*** Opening Raw data ***

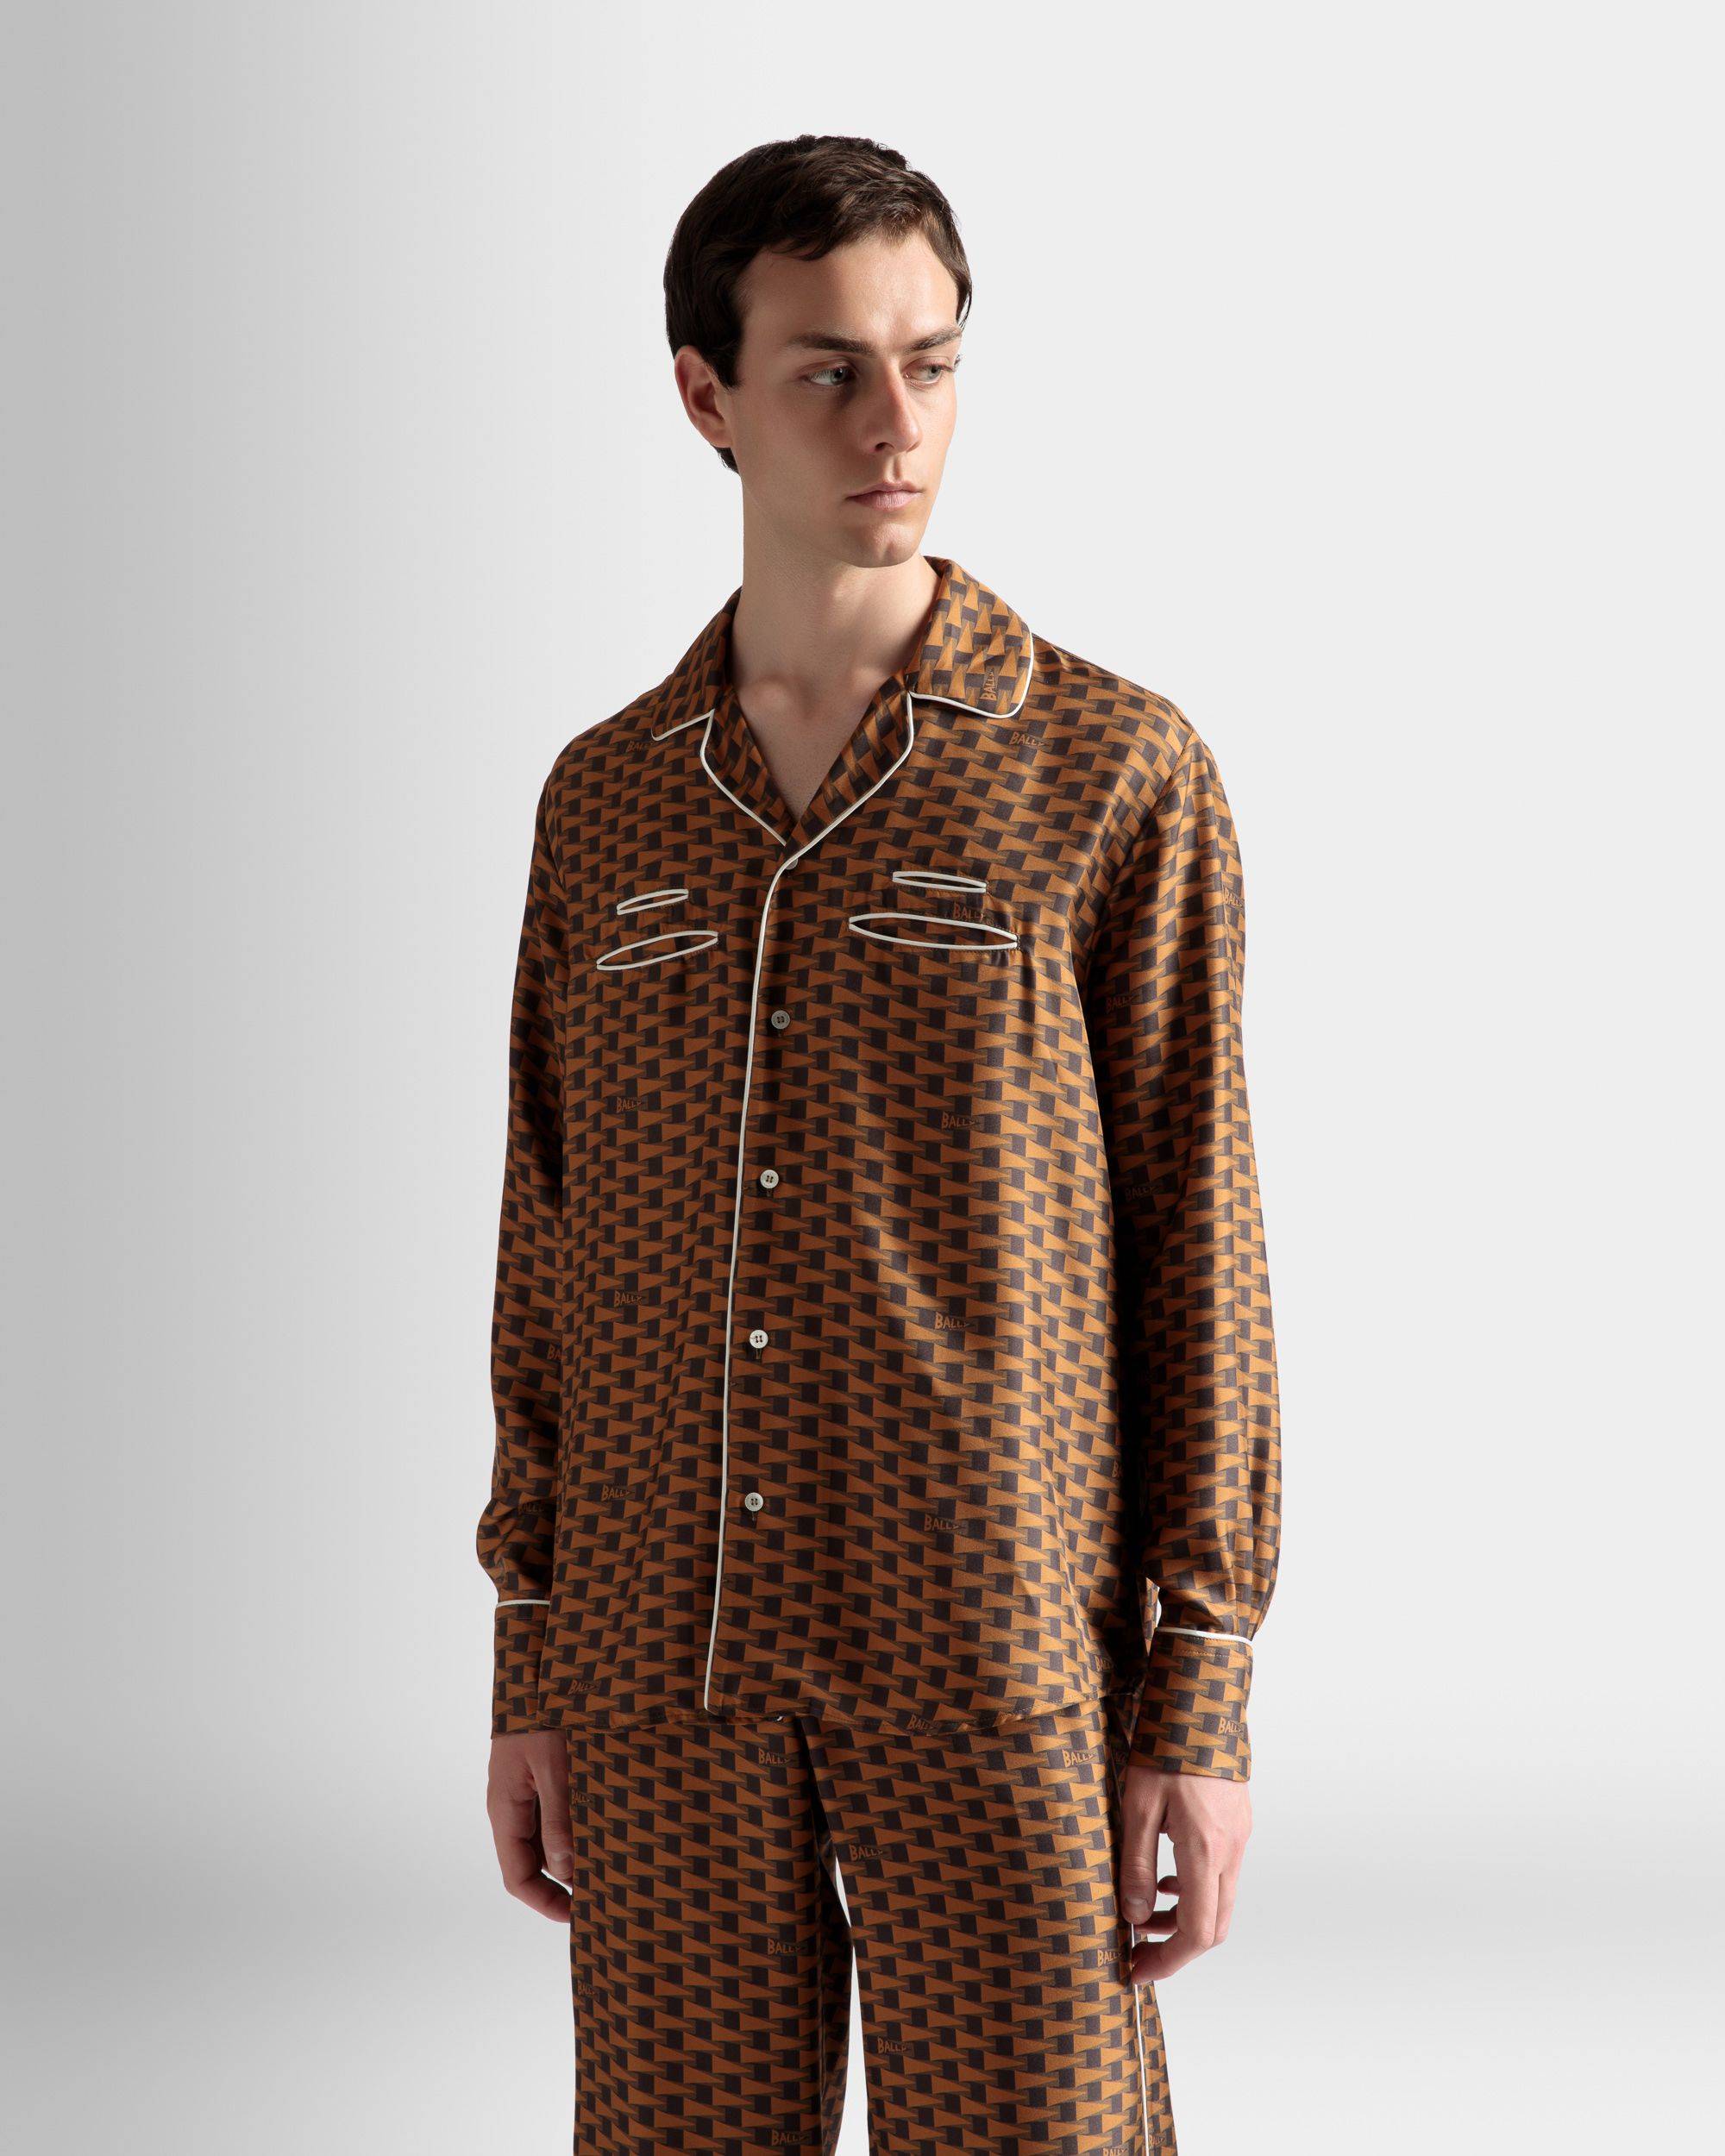 Hemd mit Pennant-Print | Herrenhemd | Braune Seide | Bally | Model getragen Nahaufnahme
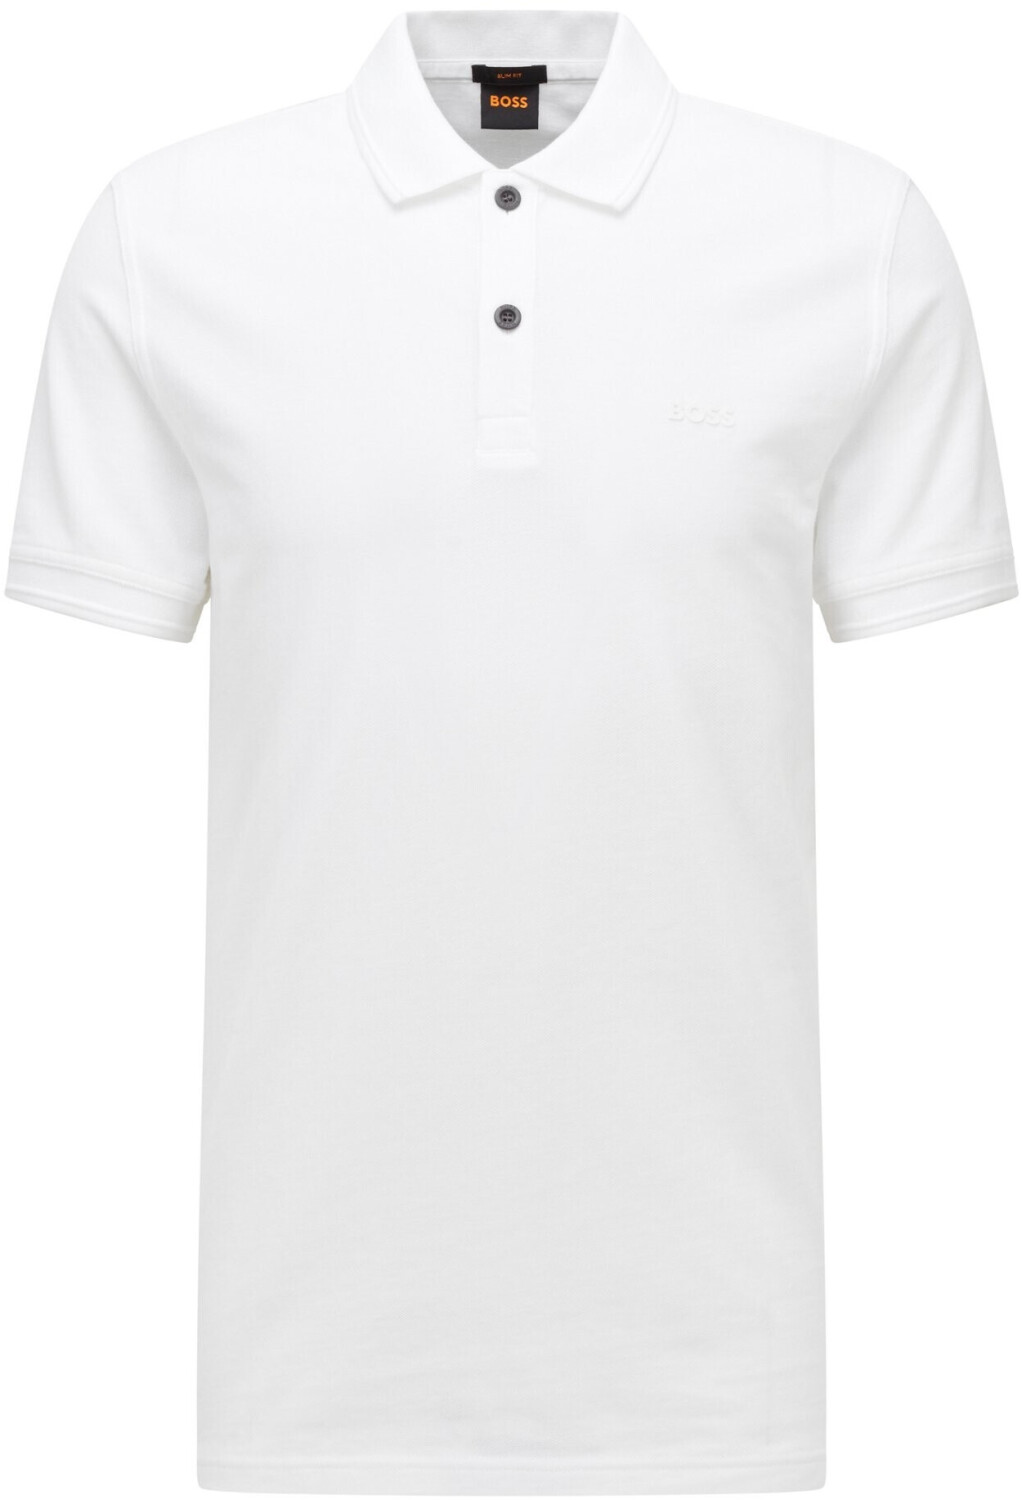 Hugo Boss | € Prime 48,00 (50468576-100) bei Slim-Fit white Poloshirt ab Preisvergleich
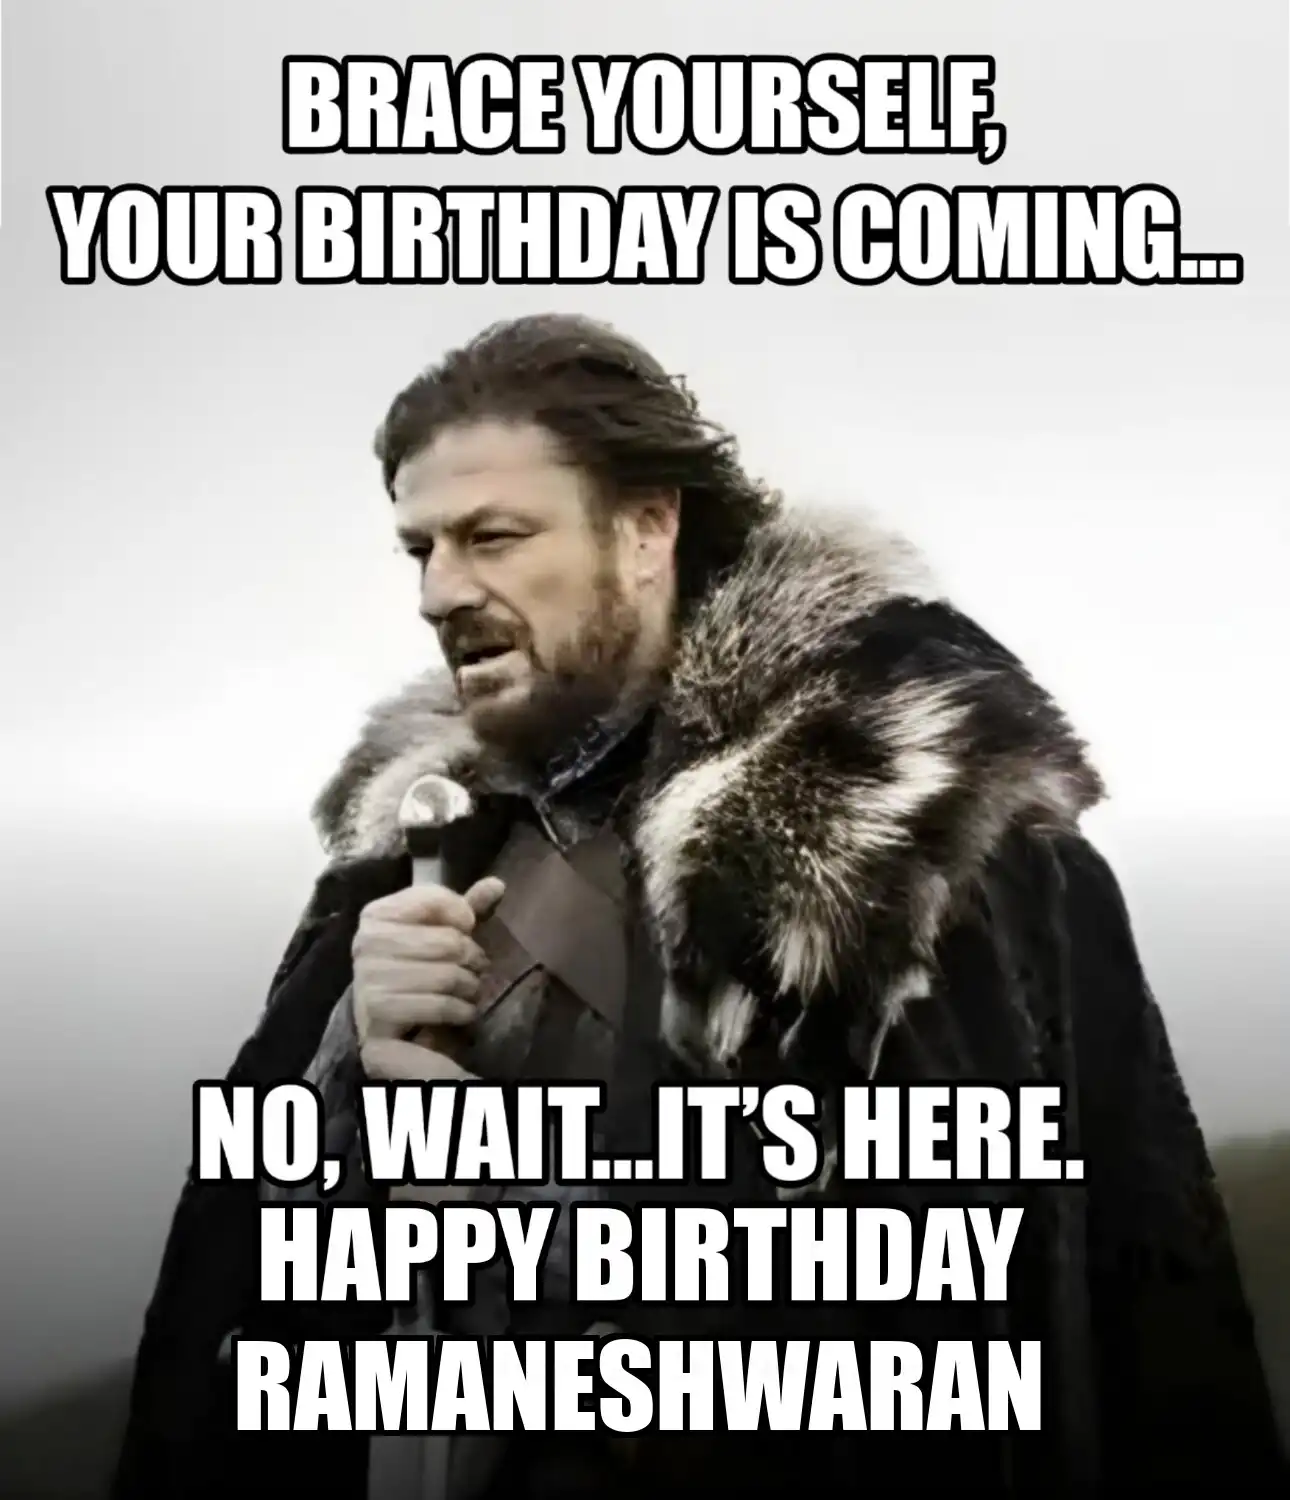 Happy Birthday Ramaneshwaran Brace Yourself Your Birthday Is Coming Meme

*** Closing Raw data ***

_Work to be completed_
Print the listing word for word but skip its pictures.

_Expected answer_
 Hemd mit Pennant-Print | Herrenhemd | Braune Seide | Bally | Model getragen Nahaufnahme
 Hugo Boss | € Prime 48,00 (50468576-100) bei Slim-Fit white Poloshirt ab Preisvergleich
 Happy Birthday Ramaneshwaran Brace Yourself Your Birthday Is Coming Meme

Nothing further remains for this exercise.